Text: LAOLA1.at , Foto: GEPA

Bozen eliminiert die Capitals

Für den amtierenden Meister Vienna Capitals ist die Saison im Halbfinale gegen Bozen beendet. Red Bull Salzburg legt wieder vor.

Red Bull Salzburg hat sich am Ostermontag im Halbfinalduell mit den EHC Liwest Black Wings Linz in die Poleposition gehievt. Den Salzburgern nur noch ein Sieg in der "Best-of-Seven"-Serie zum Finaleinzug in der Erste Bank Eishockey Liga.

Linz hat allerdings die zwei bisherigen Heimspiele gewonnen und trotz des 2:3-Rückstands noch alle Chancen. Die Black Wings erwiesen sich im fünften Match auch auf fremdem Eis als harter Gegner. Sie gingen durch Fabio Hofer (8.) und Jonathan D'Aversa (25./Unterzahl) zweimal in Führung, ehe Ryan Duncan (26.) und John Hughes (30.) für Ausgleich und erstmalige Führung der "Bullen" sorgten.

Dan DaSilva brachte mit dem 3:3 im Powerplay (35.) die Linzer aber nochmals ins Spiel zurück. Danach dauerte es bis zur 17. Minute der Verlängerung, bis Robert Schremp in Überzahl die Heimischen mit dem Siegtreffer erlöste. Am Mittwoch folgt in Linz das sechste Duell.

Dem HC Bozen gelingt die Überraschung: Die Vienna Capitals müssen im Semifinale die Segel streichen. Der amtierende Champion aus Wien muss sich den Südtirolern in Halbfinalspiel fünf mit 1:2 geschlagen geben und verliert die "Best-of-Seven"-Serie mit 1:4.

Brandon Buck bringt die Hauptstädter im ersten Drittel in Führung (17.). Monardo (23./PP) und Frigo (34.) besiegeln allerdings das Schicksal der Capitals.

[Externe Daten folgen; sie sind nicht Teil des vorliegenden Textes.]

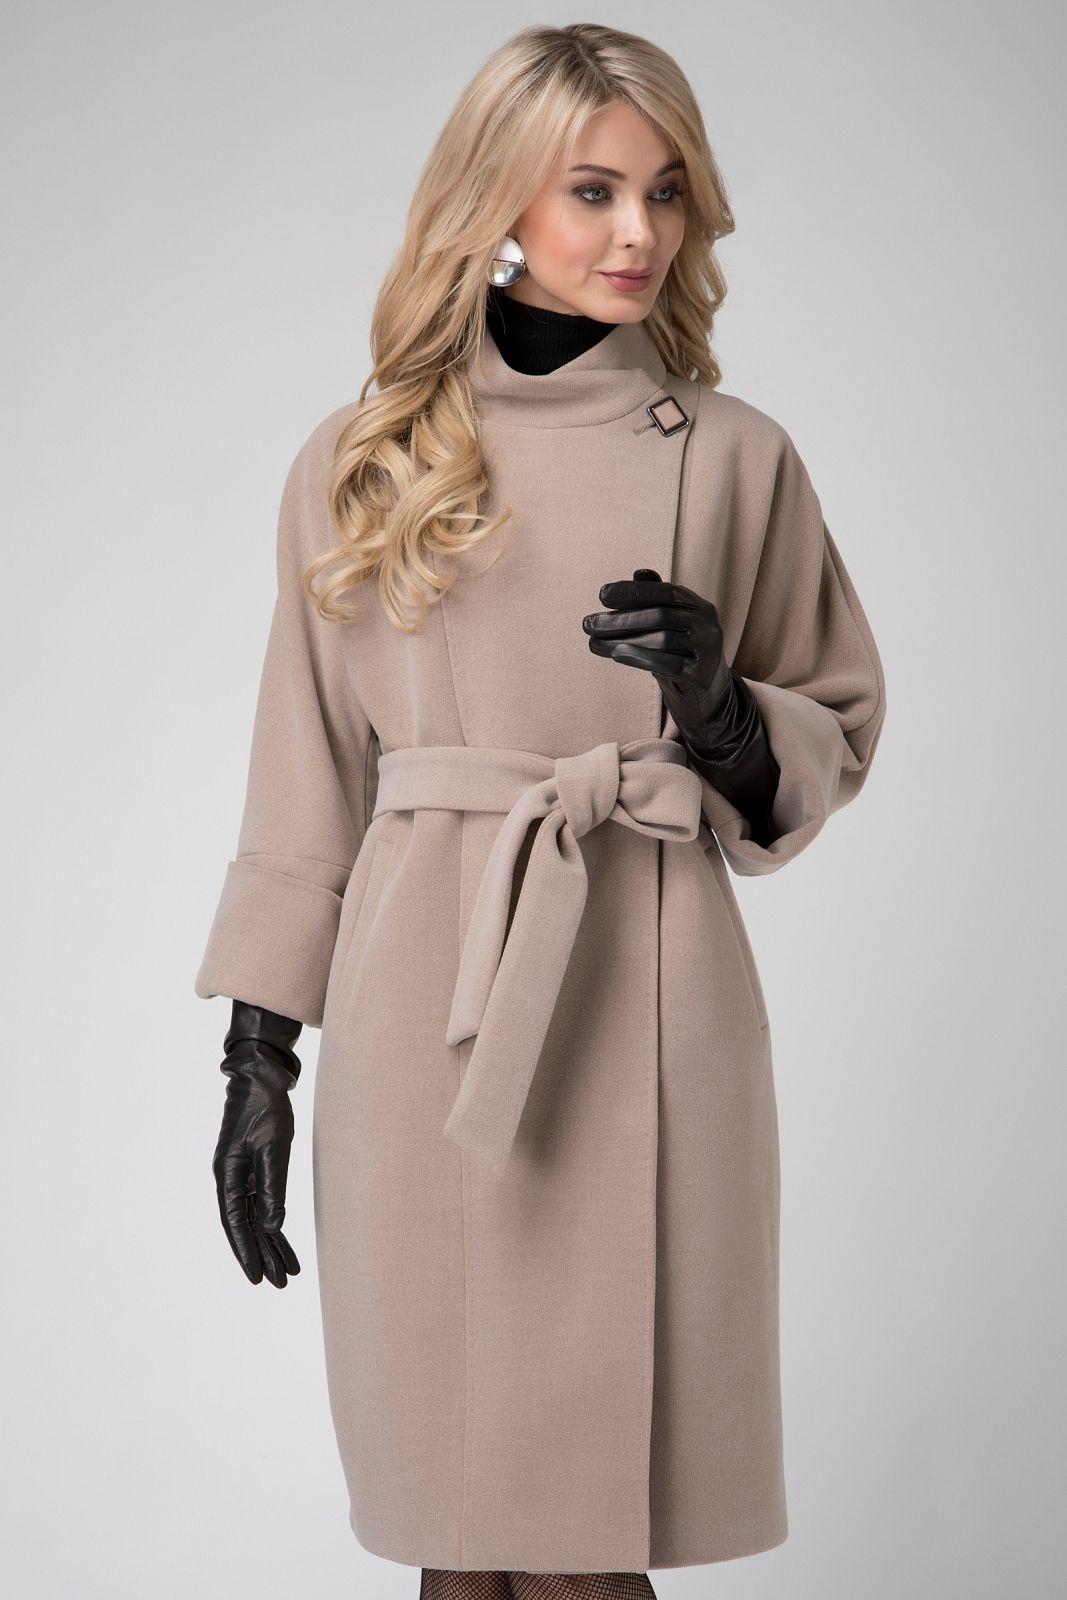 ddfa6e78a28 Коллекция Осень-зима 2017-2018. Каталог женской верхней одежды от  производителя

38:16 – das war die Siege-Niederlagen-Bilanz der Vienna Capitals vor dem Start des Play-off. 39:14 – das war das Schussverhältnis im fünften und letztlich entscheidenden Halbfinalspiel gegen den HC Bozen, der die Serie nach dem 2:1-Auswärtssieg mit 4:1 für sich entscheiden konnte.

Nicht nur der amtierende Meister, auch der Favorit auf die Titelverteidigung und ganzjährige Tabellenführer strich gegen den absoluten Außenseiter des Play-off die Segel. Der seinerseits vor drei Monaten noch gegen die Rote Laterne ankämpfte. Und am Ende haderte man auf Seiten der Wiener. Mit dem Spielverlauf, den eigenen Schwierigkeiten und auch ein wenig mit dem Schicksal.

Play-off-Begegnungen verliert man nicht in einem Spiel, sondern in vier bis sieben. Das wusste auch Trainer Serge Aubin. "Es geht nicht um heute. Wenn ich etwa an Spiel drei denke – man muss Wege finden, solche Spiele zu beenden. Das haben wir verabsäumt. Ich bin dennoch stolz auf die Jungs", so der scheidende Head Coach. "Es ist nicht spaßig, so zu verlieren. Im Fünf-gegen-Fünf waren wir das bessere Team, aber manche Tore haben wir zu wirklich schlechten Zeitpunkten gegen uns bekommen: Als wir das Momentum hatten und angedrückt haben", analysierte der Kanadier.